See Jupyter Notebook here: CGI_id_conversion_using_compare_prev_docs.ipynb

I first checked how counts compared across samples from using different pipelines, which didn’t require matching gene IDs. Overall, Roberto found ~60K genes because his pipeline included novel transcripts and Emma’s found ~30K genes because her’s didn’t include novel transcripts. The distrinbution of counts are nearly the same with Emma’s data showing more genes with counts in the 100s range and Roberto’s data showing more genes with counts in the 10s range. Below are the density plots showing this. I also made some histograms but they aren’t normalized to % genes.

After the 1:1 matching, I got ~2K CGI genes that had LOC IDs in the new genomes and made some scatter plots. In general genes with less than 10 reads show little correlation, but the correlation improves with more reads.

All the data plotted together:

Data facetted by sample:

There were 45,360 observations for the overlapping genes where both methods show 0 counts (31,540), both methods showed non-zero counts (3959), nf-core detected counts and Roberto’s method didn’t (9,065), and where Roberto’s method detected counts and nf-core didn’t (796).

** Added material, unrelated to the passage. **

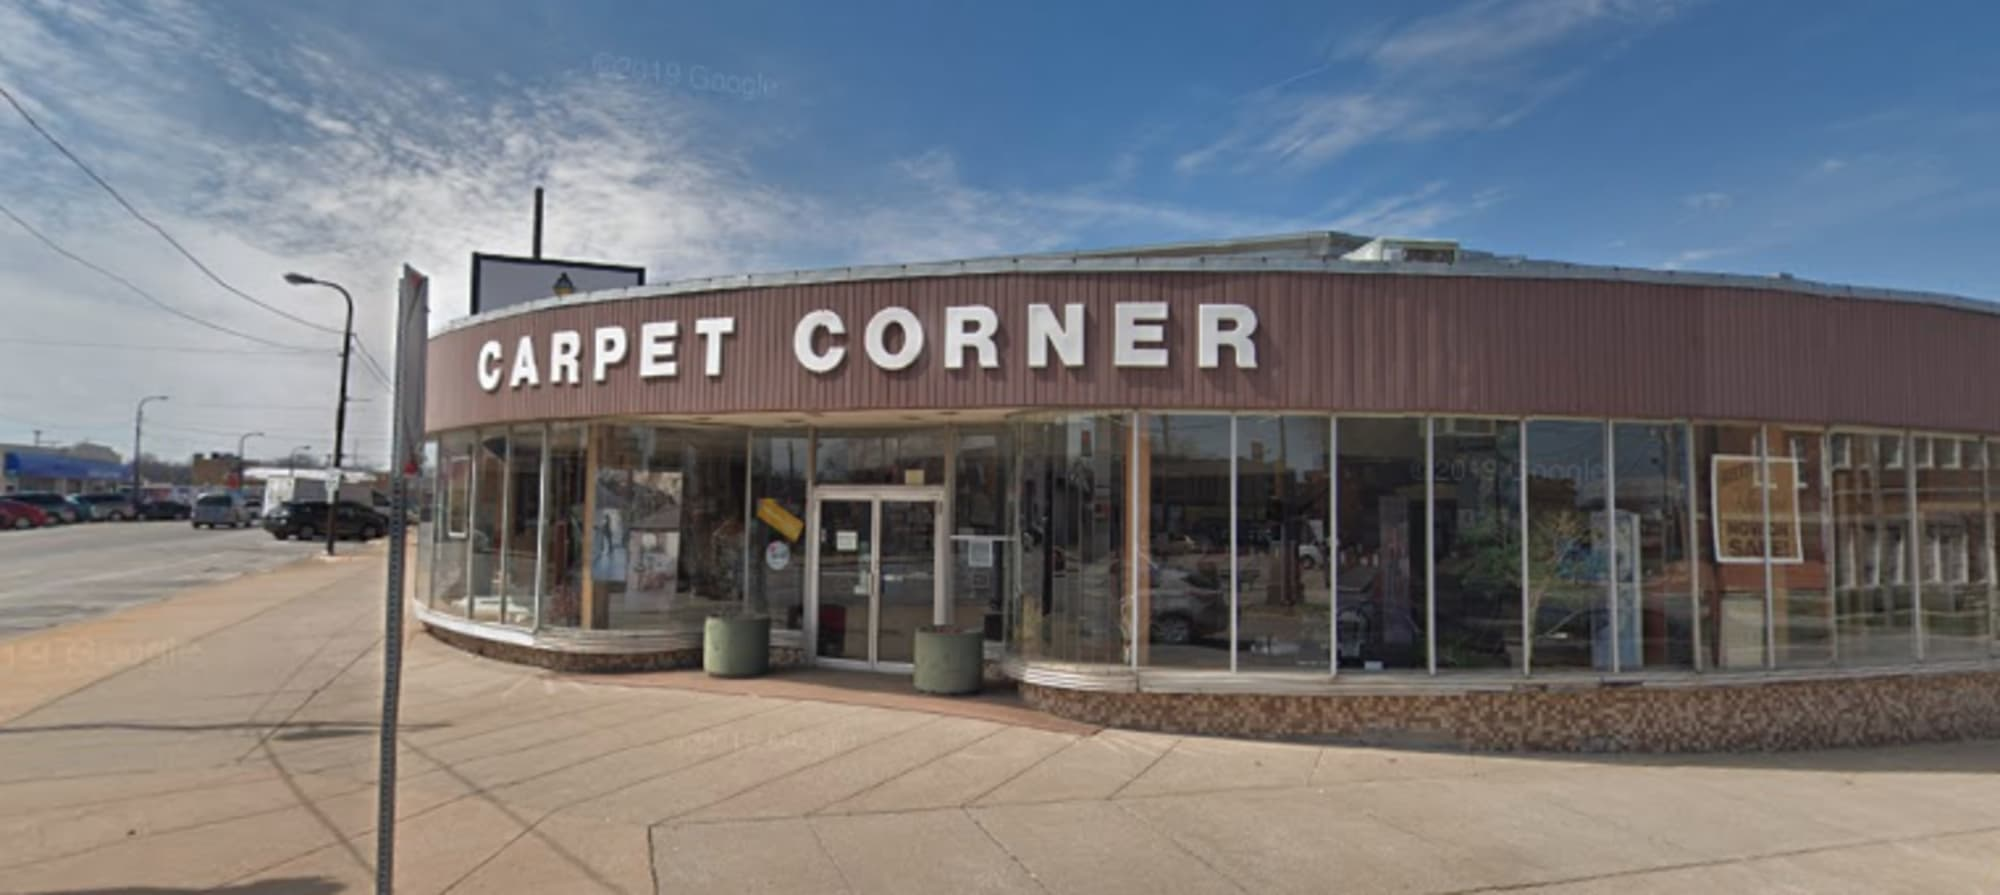 Carpet Corner - 900 Minnesota Ave Kansas City, KS 66101
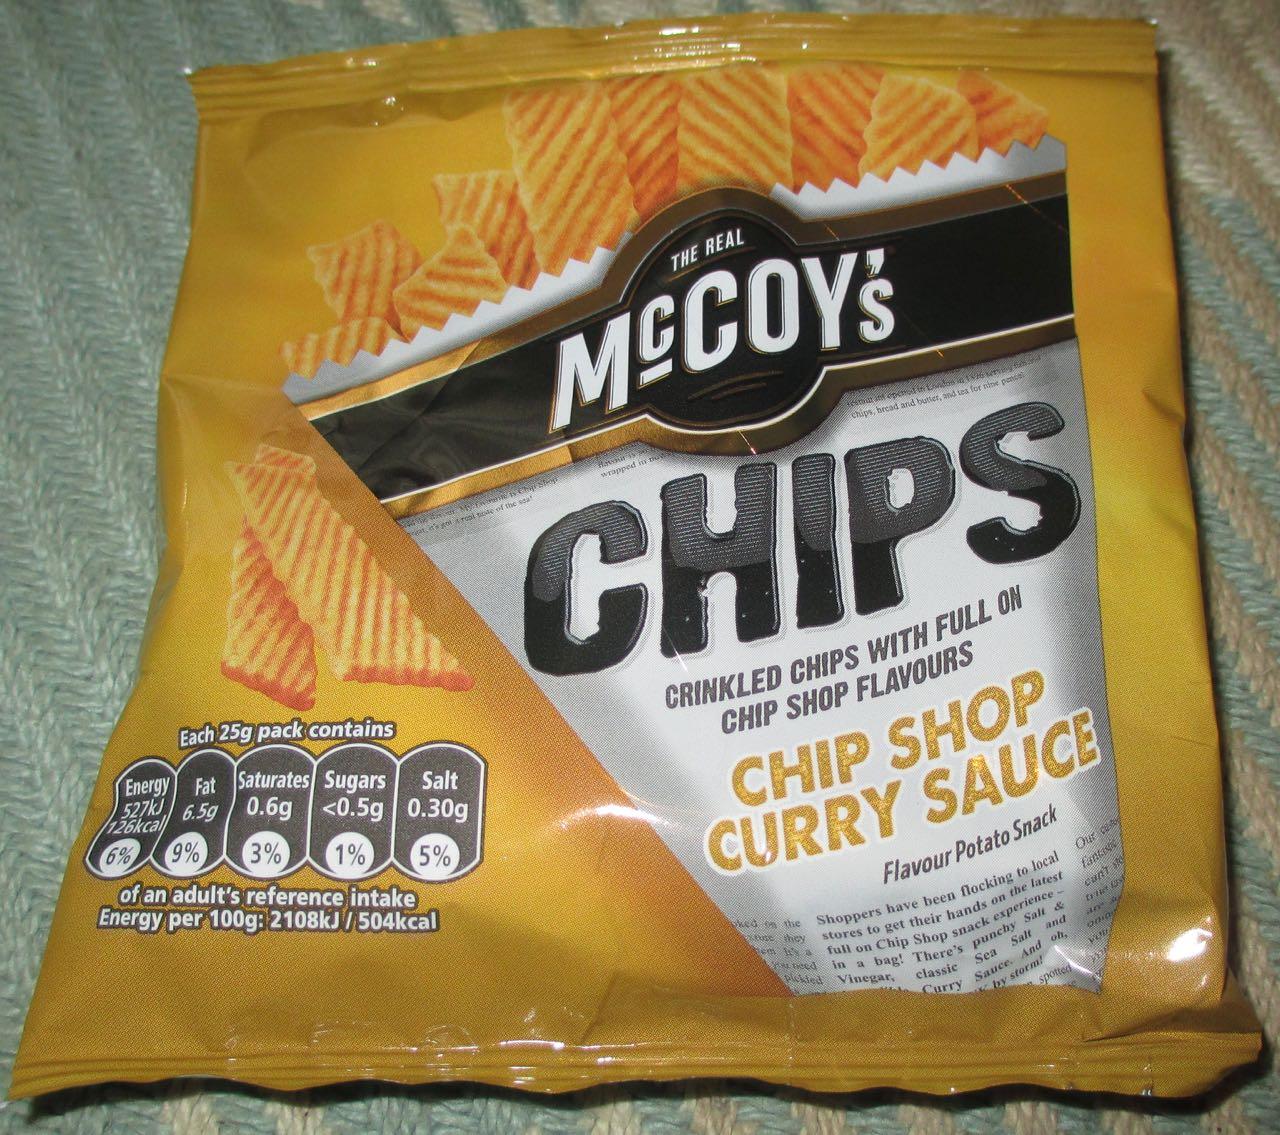 Foodstuff Finds Mccoys Chip Shop Curry Sauce Chips Crisp

Here is the scatter plot filtered for the observation where both methods showed non-zero:

Here’s the same plot but binned and colored with the number of observations indicated in lighter blue:

For observations where counts were only detected by either nf-core or Roberto’s methods, the majority of these had very low counts.

As an additional check, I subsetted out the genes from Roberto’s supplementary table 6 which were genes that showed high expression in heat resistant oysters. I subsetted these genes in Emma’s gene count matrix, then plotted them to see if they still show the same trend.

It is not obvious to me…

I will attemt a different method of gene ID matching that involves BLAST instead of ID:ID matching.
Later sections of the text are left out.